Now it's time for the lunar stay, then.

"Make a sort of base for the next mission, to Mars"

To do what?

"We are going to learn to study the lunar soil, because we haven't done much ... We will in particular look to see if we can find water", answers Jean-Yves Le Gall.

But another objective, more distant, is also in the minds of the project leaders.

For Jean-Yves Le Gall, it is a question of seeing "if from there we can make fuels for rockets, habitat, and make a kind of starting point for the next mission, which will be the mission to Mars ".

"But already, you have to go through this stage of living on the Moon," he tempers.

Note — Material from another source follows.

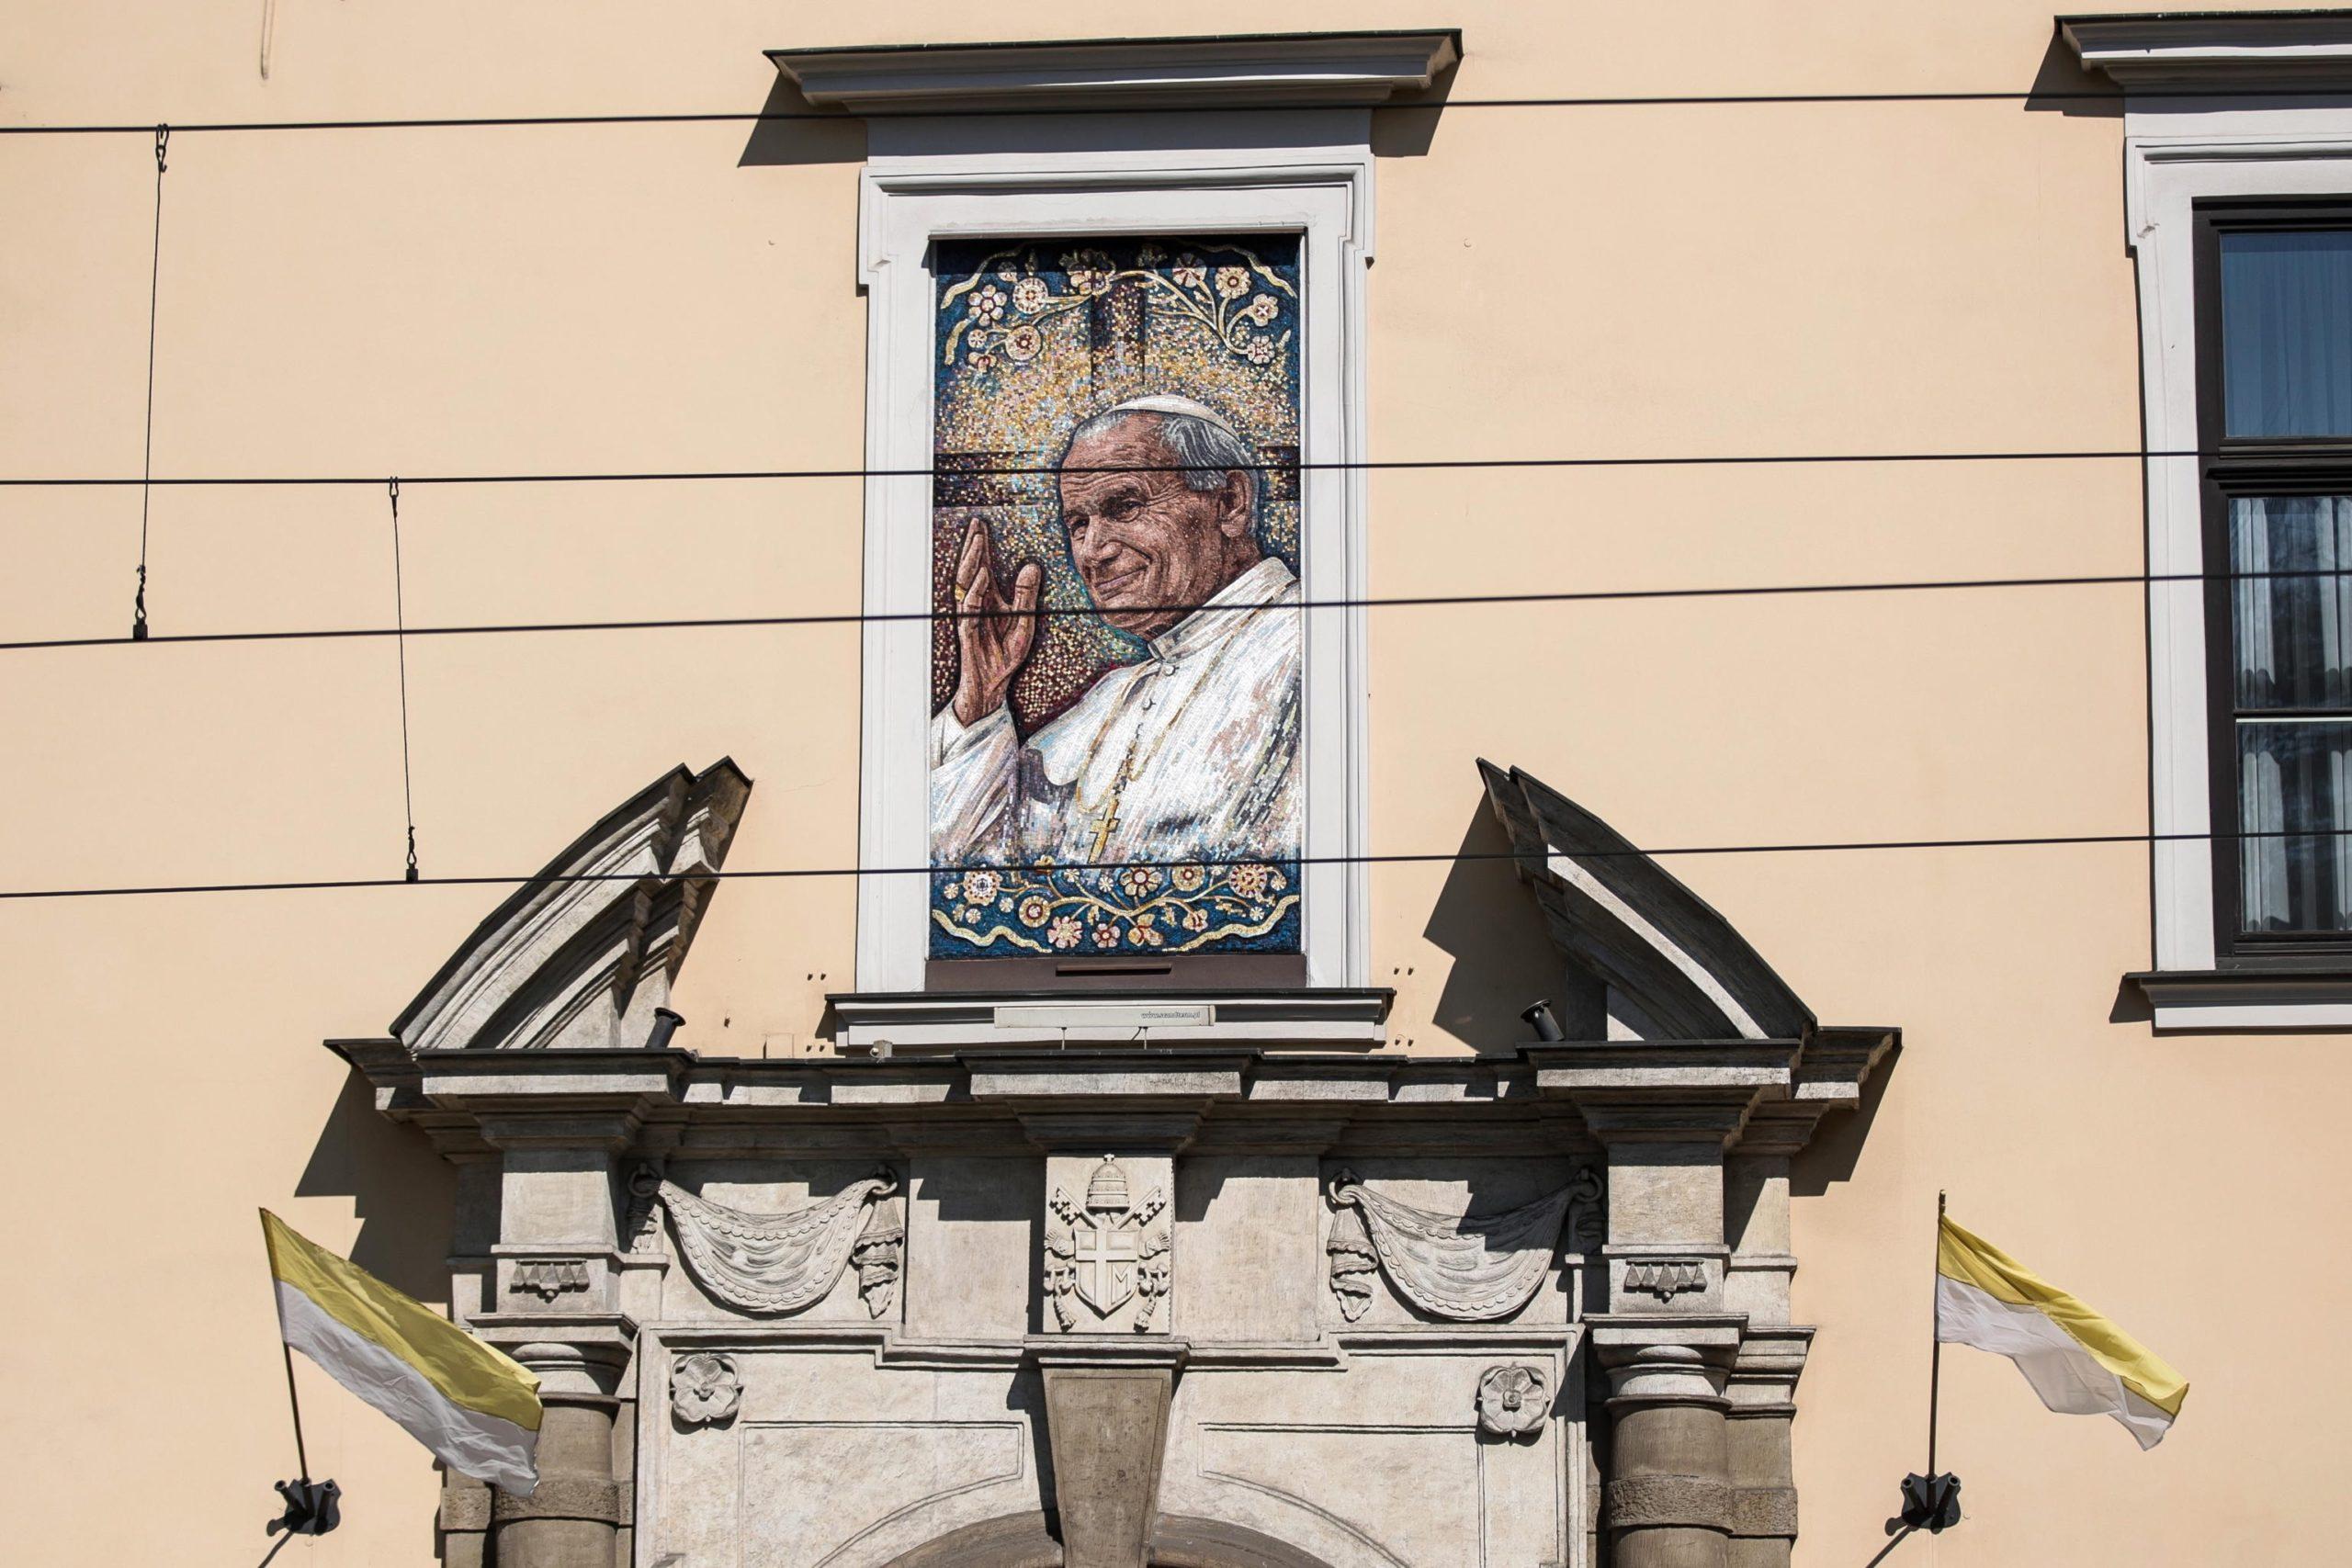 Polonia: un'immagine di Papa Giovanni Paolo II nel giorno della sua commemorazione

Pesquet "qualified" for a future lunar mission, according to Le Gall

Having left Kazakhstan in 2016 for a six-month mission aboard the International Space Station (ISS) and returned in June 2017, does French astronaut Thomas Pesquet have a chance to walk on the moon?

"Of course", replies the president of the National Center for Space Studies Jean-Yves Le Gall, Friday on Europe 1. "We are right to believe it", he said.

"Since (his flight aboard the ISS), at the top of my objectives, there was to make Thomas fly again and that's what we did. He will fly again, leave this time not from Kazakhstan but from Florida, in March-April, to spend six months aboard the Station, so a second six-month stay aboard the Station. He will most likely have expanded responsibilities and I would say that qualifies him for a possible mission. lunar in the period 2025-2030 ", affirms Jean-Yves Le Gall.